Dynamical structure factors in the nematic phase of frustrated ferromagnetic spin chains

TL;DR

This paper investigates the dynamical structure factors of the spin-nematic phase in frustrated ferromagnetic spin chains using advanced numerical methods, providing insights relevant for experimental scattering techniques.

Contribution

It extends the Tomonaga-Luttinger liquid theory to include gapped magnon excitations interacting with bound magnon pairs, offering a new theoretical framework.

Findings

Qualitative understanding of thresholds in structure factors

Numerical results match experimental scattering data

Extension of Luttinger liquid theory to magnon interactions

Abstract

Frustrated spin systems can show phases with spontaneous breaking of spin-rotational symmetry without the formation of local magnetic order.
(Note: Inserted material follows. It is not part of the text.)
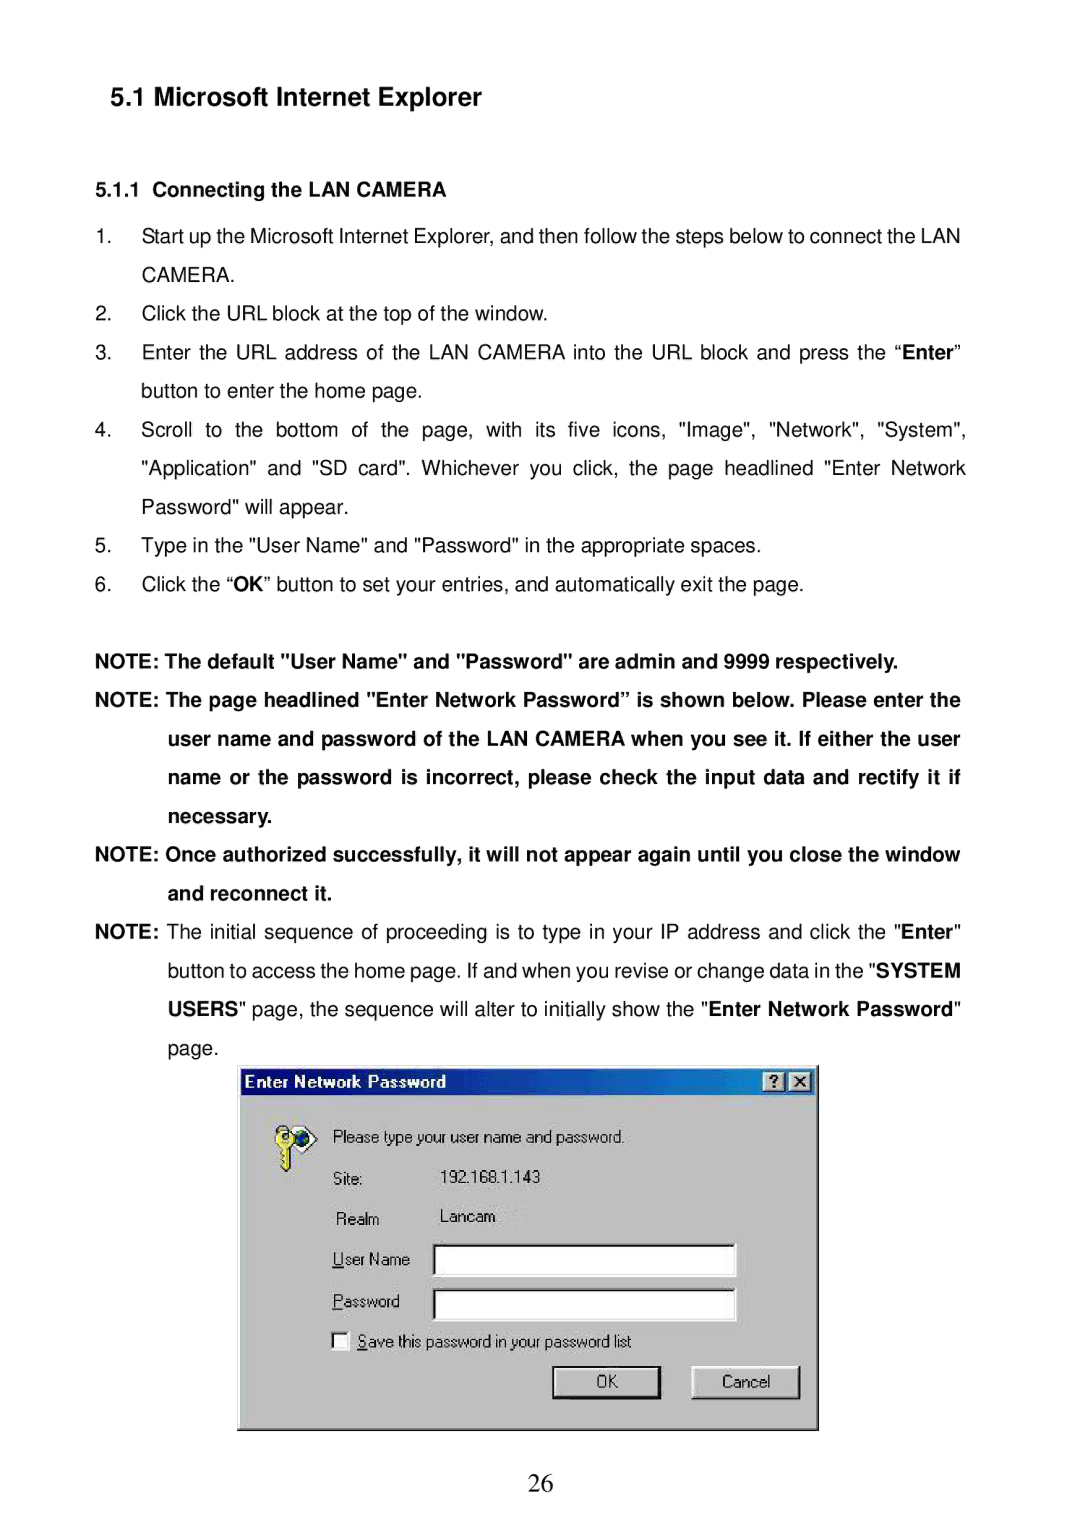 Sony MPEG4 LAN Camera operation manual Microsoft Internet Explorer, Connecting the LAN Camera 
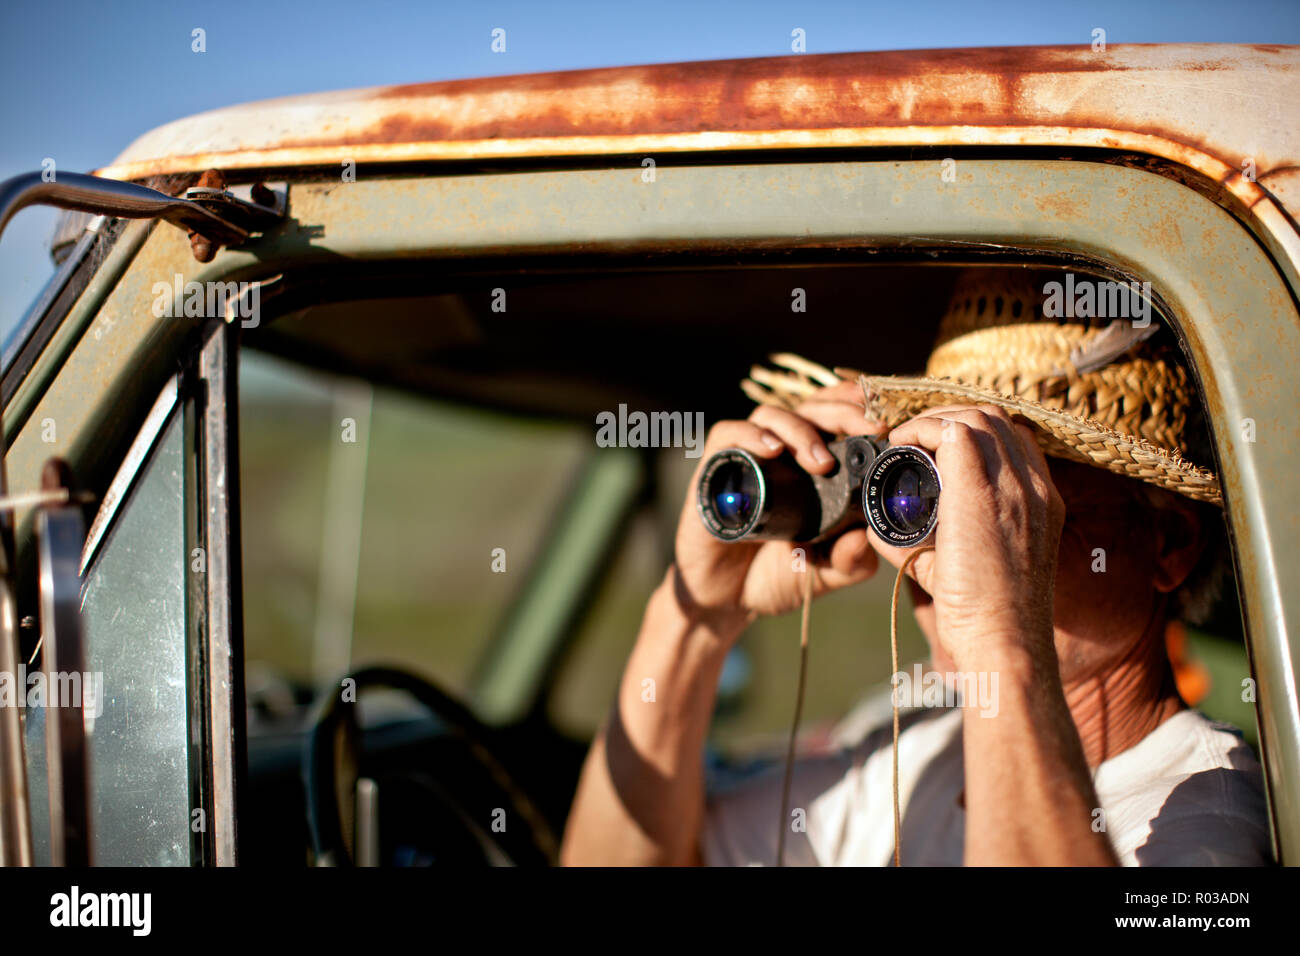 Man sitting in a pick-up truck looking through binoculars. Stock Photo

We study the dynamic response of the spin-nematic phase of one-dimensional spin-1/2 systems, characterized by slow large-distance decay of quadrupolar correlations, by numerically computing one-spin and two-spin dynamical structure factors at zero temperature using time-dependent density matrix renormalization group methods. We interpret the results in terms of an effective theory of gapped magnon excitations interacting with a quasi-condensate of bound magnon pairs. This employs an extension of the well-known Tomonaga-Luttinger liquid theory which includes the magnon states as a mobile impurity. A good qualitative understanding of the characteristic thresholds and their intensity in the structure factors is obtained this way. Our results are useful in the interpretation of inelastic neutron scattering and resonant inelastic x-ray scattering experiments.